Schwarz was already on his wireless phone, calling the Farm to arrange for a clean-up team to run interference with local authorities—and see to the bodies. Lyons drove with a white-knuckled grip, pursuing the Taurus through heavy traffic. The reinforced truck howled on its extra-heavy-duty tires. Blancanales imagined he could hear the overpowered engine sucking in gasoline as the armored SUV roared in response to Lyons’s foot on the accelerator. Schwarz was forced to hang on to the overhead handle to keep from sliding back and forth in his seat as the Suburban weaved and dodged. Blancanales smiled grimly and held on to the back seat.
“What happened in there?” Lyons asked, his eyes never leaving the traffic in front of them.
“You heard him,” Blancanales said. “I played the Justice card and he froze. When I talked about seizing and searching his computers, he went for the hardware. Who were the other two?”
“Security, I guess,” Lyons grunted. “Moved on us the second your boy opened fire. Must have made our stakeout. They were too quick to come at us, otherwise.”
“So they were already waiting for trouble,” Schwarz mused.
“But why would they just open fire? What’s to be gained?” Lyons asked. “The second we show up they start popping caps. Why?”
“Whatever the reason, this means Hal’s suspicions were well-grounded,” Blancanales replied.

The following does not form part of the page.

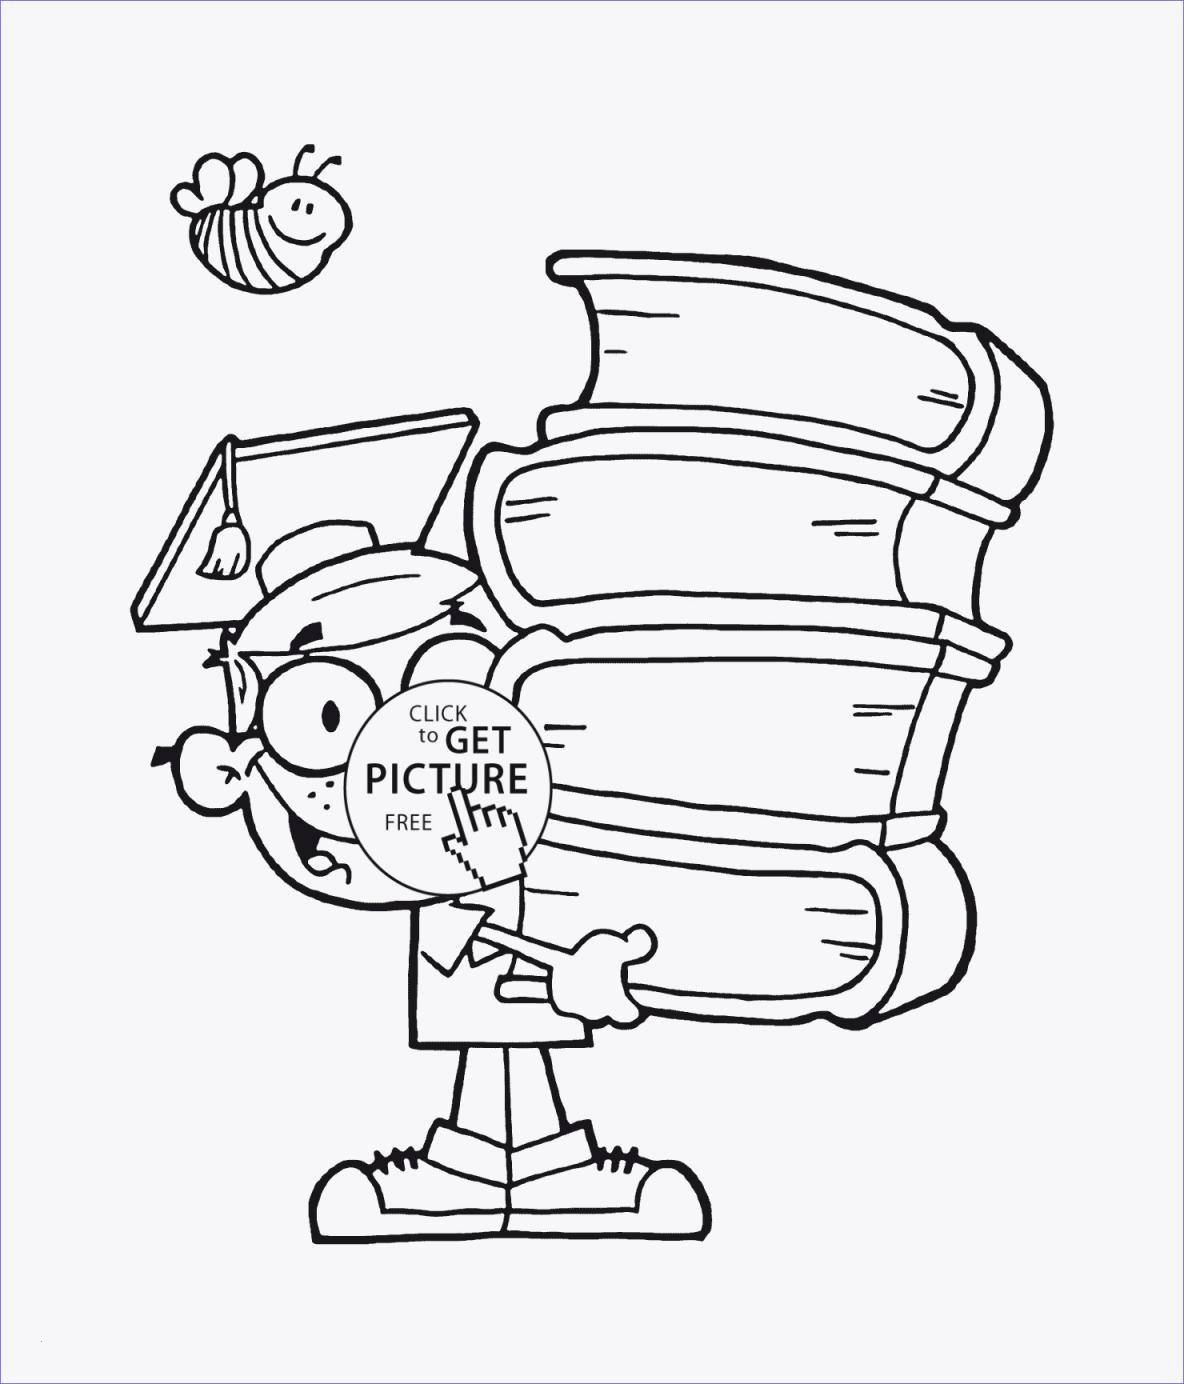 Winni Pooh Ausmalbilder Genial Malvorlagen Igel Frisch Igel Grundschule 0d Archives Uploadertalk Das Bild

“And a big, black Suburban parked on the street isn’t as subtle as we thought it was,” Schwarz said wryly.
“Gadgets, the clean-up team,” Lyons said, whipping the steering wheel hard left, then right. “They know to secure the computers?”
“Yes,” Schwarz said. “They’ll search the network and pull the drives for us. That’s if nobody activated some sort of sweep-and-clear doomsday program. We might come back to find their drives have eaten themselves.”
“Let’s hope not,” Lyons said. He came to a clear stretch of road and tromped the pedal to the floor. The Suburban growled and shot forward with renewed speed. “Got him now,” Lyons said.
Blancanales craned his neck, looking forward out the windshield from where he sat. The Suburban slowed for a moment and the distance between the two vehicles increased.
“Carl—” Schwarz said.
“Ironman, wait—” Blancanales protested.
Lyons slammed the pedal to the floor again. The Suburban rocketed forward like a battering ram. The bull bars mounted in front of the grille smashed into the rear of the Taurus, crumpling the trunk as the smaller vehicle shuddered beneath the impact. Lyons never let up, maneuvering the nose of the Suburban until it was scraping the rear quarter of the Taurus.